Ela pensou que o som estava relacionado a um fantasma. Ao ouvir as palavras de Alvin, ela se sentiu aliviada. Estava um pouco envergonhada por ter se assustado.
— Alvin é incrível. Ainda é jovem e corajoso.
— Ah, não.
Alvin coçou a nuca com vergonha e sorriu. Fidelis viu um objeto com uma forma estranha. Era um objeto esquisito com dois círculos conectados entre si. Cada círculo estava vazio.
— O que é isso?
Quando o levantou para ver mais de perto, ouviu uma voz mecânica.
Artigo: ‘Equipamento de inspeção’ adquirido.

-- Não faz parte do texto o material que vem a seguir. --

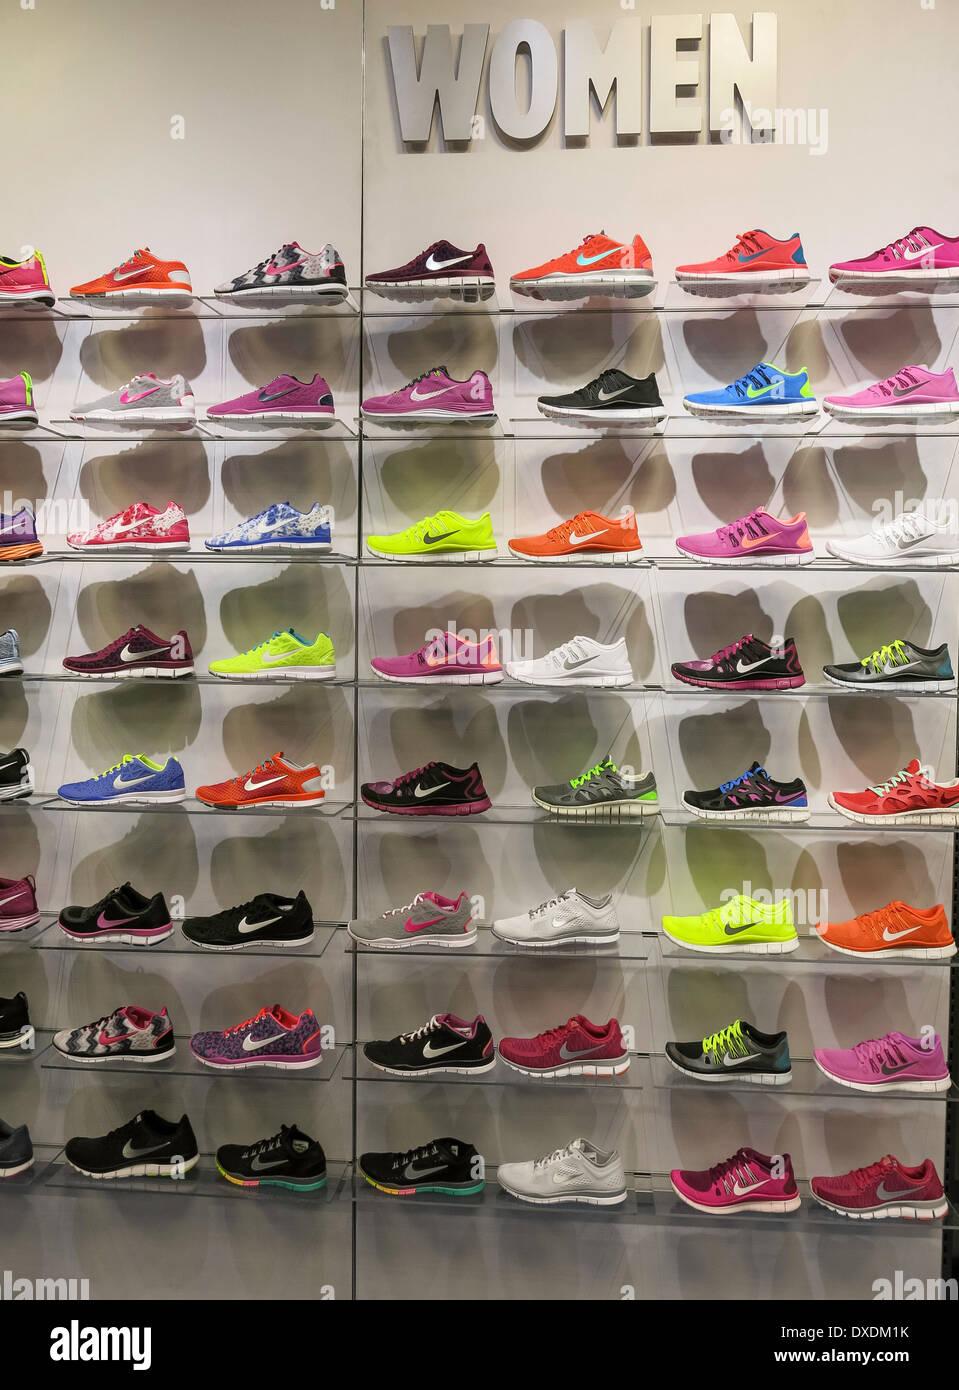 Shoe Foot Imágenes Stockamp; De Wall Locker Athletic VpqSUzM
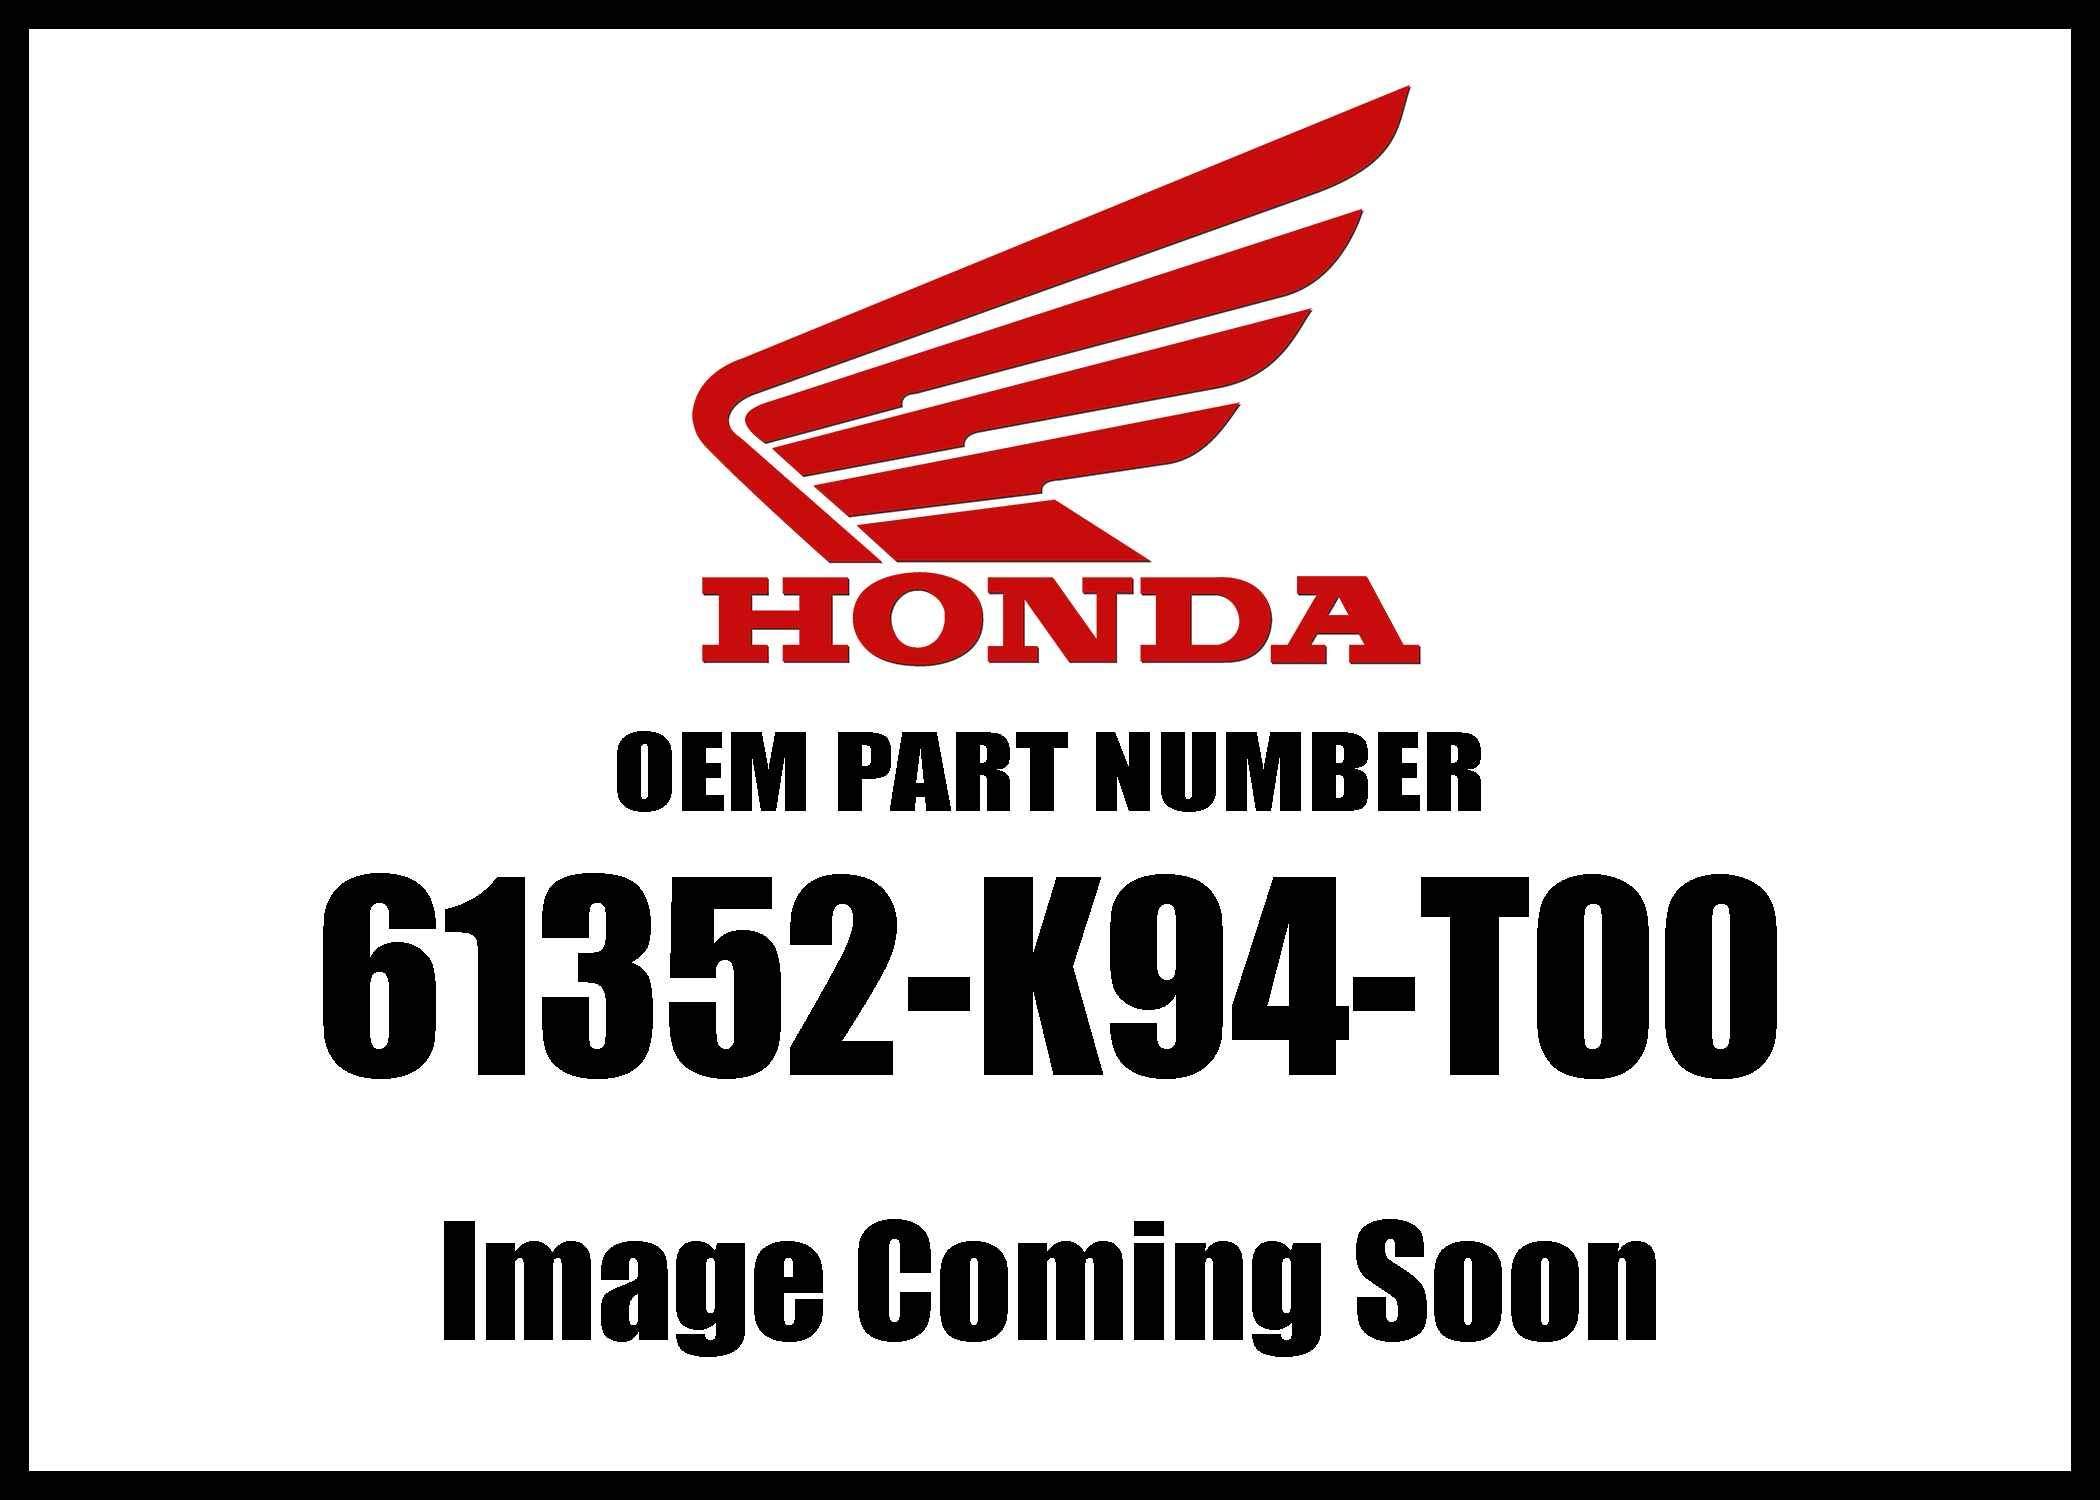 Honda Cbf300n '18 Rubber B Fr. Cowl 61352-K94-T00 New Oem

— Equipamento de inspeção?
Enquanto falava, a voz mecânica continuou.
O equipamento de inspeção é uma ferramenta que pode determinar se o DNA coincide ou não. É simples de usar. Coloque um pouco de sangue em cada círculo e espere aproximadamente um minuto para ver se o círculo se ilumina. Se os dois coincidirem, será azul, e se não coincidirem, será vermelho.
O rosto de Fidelis se iluminou de repente. Era literalmente um objeto que podia dizer se o sangue do retrato e o próprio sangue dela coincidiam. Ela vibrou por dentro, não sabia que haveria um item assim. Não sabia que ficaria tão feliz de ver itens aleatórios.
Se for assim, deve verificar rapidamente, mas seu corpo agora está limpo. Não restava nem uma gota de sangue da anterior.
Se soubesse que isso aconteceria, teria aguentado um pouco mais.
— Alvin, você não pode voltar minhas roupas ao estado anterior, certo?
— Como? Ah, você quer…
— Não, não. Só perguntei por perguntar mesmo.
— Mas, o que é isso?
Alvin olhou fixamente para o objeto estranho em sua mão. Depois o tocou e murmurou com uma voz um pouco incerta.
— Isso não é um kit de inspeção?
— O quê? Você conhece?
Alvin assentiu atordoado quando a surpresa Fidelis lhe entregou o equipamento.
— Sim, sim! As famílias nobres sempre têm um ou dois. Não reconheci de imediato porque era a primeira vez que via um.
— Nas famílias nobres? Por quê…?
“Não era um item que apareceu aleatoriamente?”
— Há várias crianças consideradas ilegítimas. Nesse que Fidelis está segurando, colocam um pouco de sangue em cada círculo e esperam. Quando a luz azul acende, é filho legítimo, e quando a luz vermelha acende, não é.
Foi semelhante à explicação dada pela voz mecânica. Na verdade, era quase igual.
— É muito preciso.
— Isso é realmente um grande achado!
Fidelis estava orgulhosa de dizer o que seus colegas de classe costumavam dizer. Não teve oportunidade de dizer palavras que se espalharam como gírias. Ela costumava ser apenas a ouvinte.
Fidelis estava de alguma forma orgulhosa de ter alguém que a ouvisse desta vez.
— Grande achado?
— Significa que obtive um grande ganho. Realmente precisava disso.
Fidelis, que segurava o equipamento como se não fosse perdê-lo, logo se sentiu desanimada ao pensar em voltar onde estava Sahra. Na verdade, saiu correndo de lá tão rápido que estava confusa sobre o caminho.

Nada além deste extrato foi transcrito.